The group of distinct observation numbers looks like: 
 {'36', '68', '17', '57', '2', '32', '60', '73', '79', '25', '61', '34', '48', '62', '21', '53', '71', '59', '39', '10', '70', '18', '76', '29', '23', '1', '56', '31', '58', '45', '30', '54', '24', '77', '3', '75', '35', '27', '14', '49', '20', '13', '66', '74', '15', '81', '67', '38', '37', '51', '69', '55', '82', '46', '5', '11', '42', '33', '8', '4', '28', '47', '80', '22', '63', '41', '65', '26', '78', '9', '19', '72', '7', '44', '64', '52', '50', '16', '12', '6', '40', '43'}
The final groups look like: 
 defaultdict(<class 'set'>, {'36': {'62', '36'}, '68': {'68'}, '17': {'17'}, '2': {'57', '2'}, '32': {'31', '30', '32'}, '28': {'60', '6', '28'}, '52': {'73', '52'}, '79': {'79', '39'}, '25': {'56', '25'}, '29': {'7', '61', '29'}, '34': {'35', '34'}, '71': {'48', '71'}, '21': {'75', '21'}, '53': {'16', '67', '78', '53'}, '58': {'27', '5', '3', '59', '26', '58', '4'}, '9': {'10', '9'}, '43': {'44', '43', '70'}, '18': {'18'}, '63

The final groups dictionary from the last code output is then written into an output csv file.
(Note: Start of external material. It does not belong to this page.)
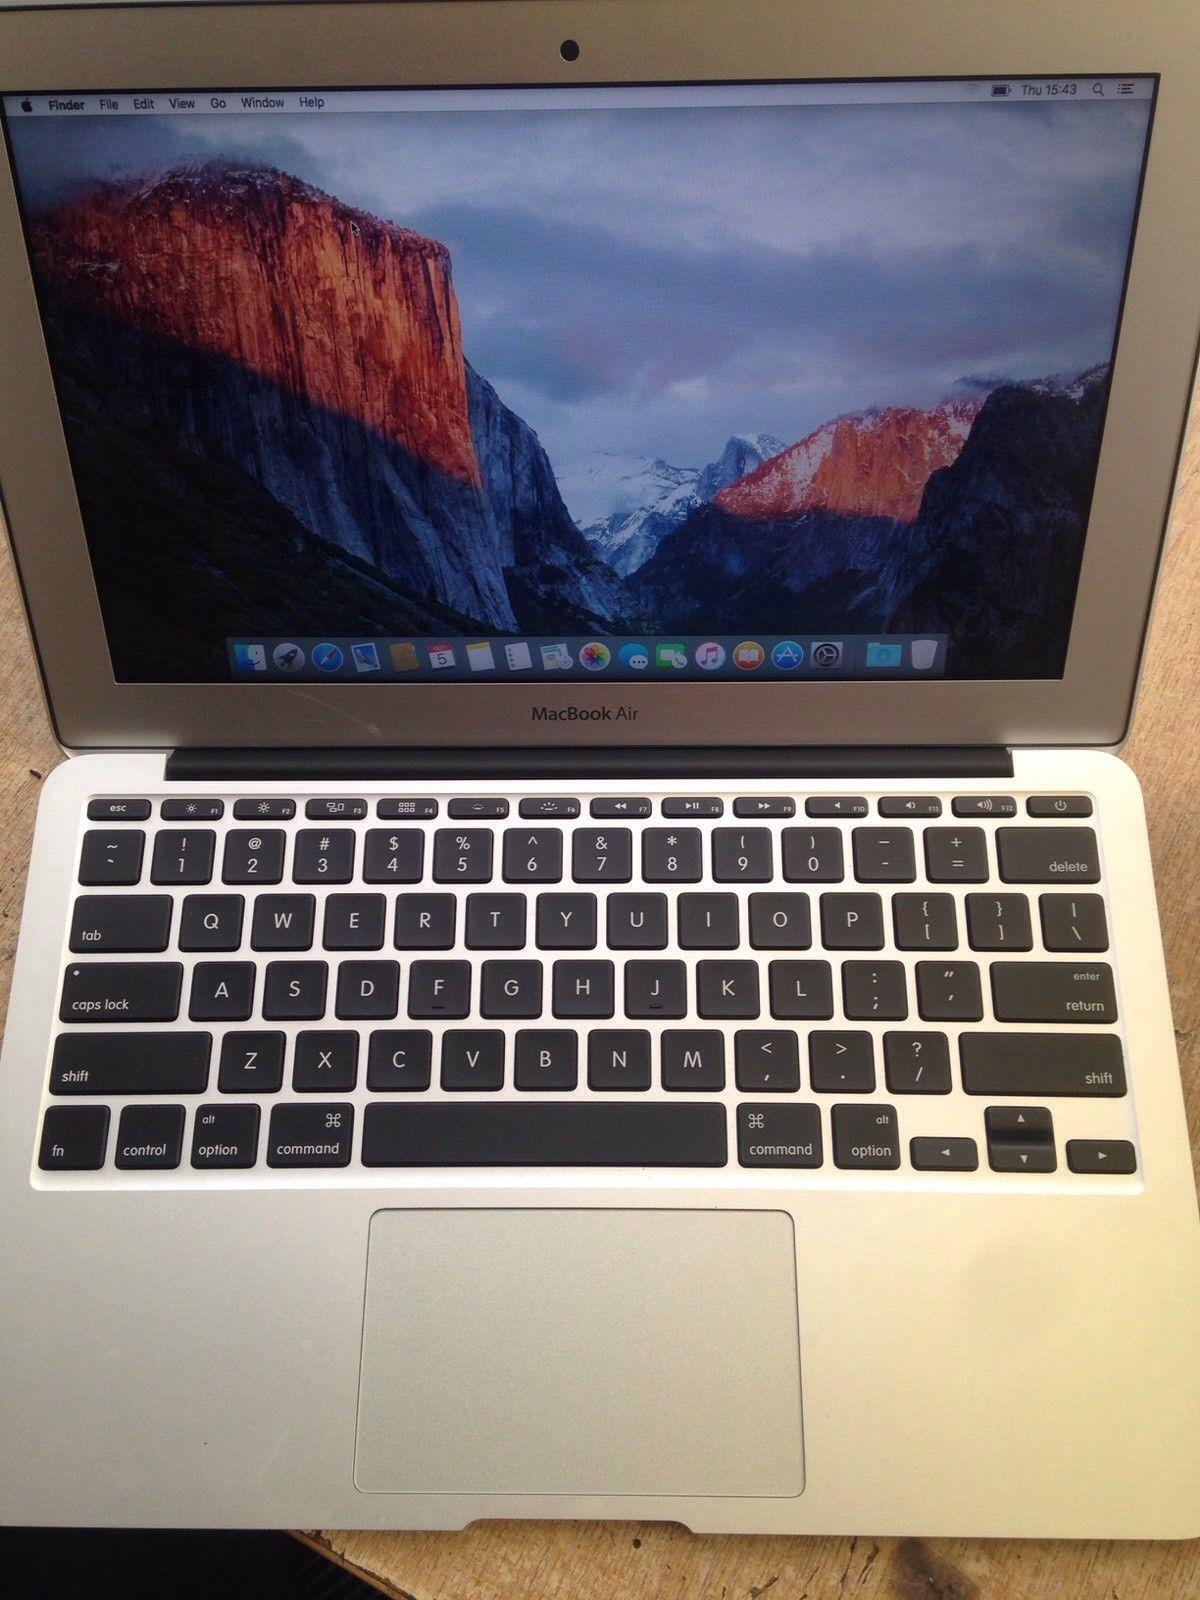 achat apple macbook air a1465 11 laptop mjvm2b a early. Black Bedroom Furniture Sets. Home Design Ideas

Therefore, all that the remaining chunk of code for the `process_group` method does is output the data stored in `groups` to a csv table in the form that you see in the file `FishPythonOutputTable.csv`.

###**`has_support_for`**

The purpose of the `has_support_for` method is self-explanatory in the doctsting and the comments provided in the script itself.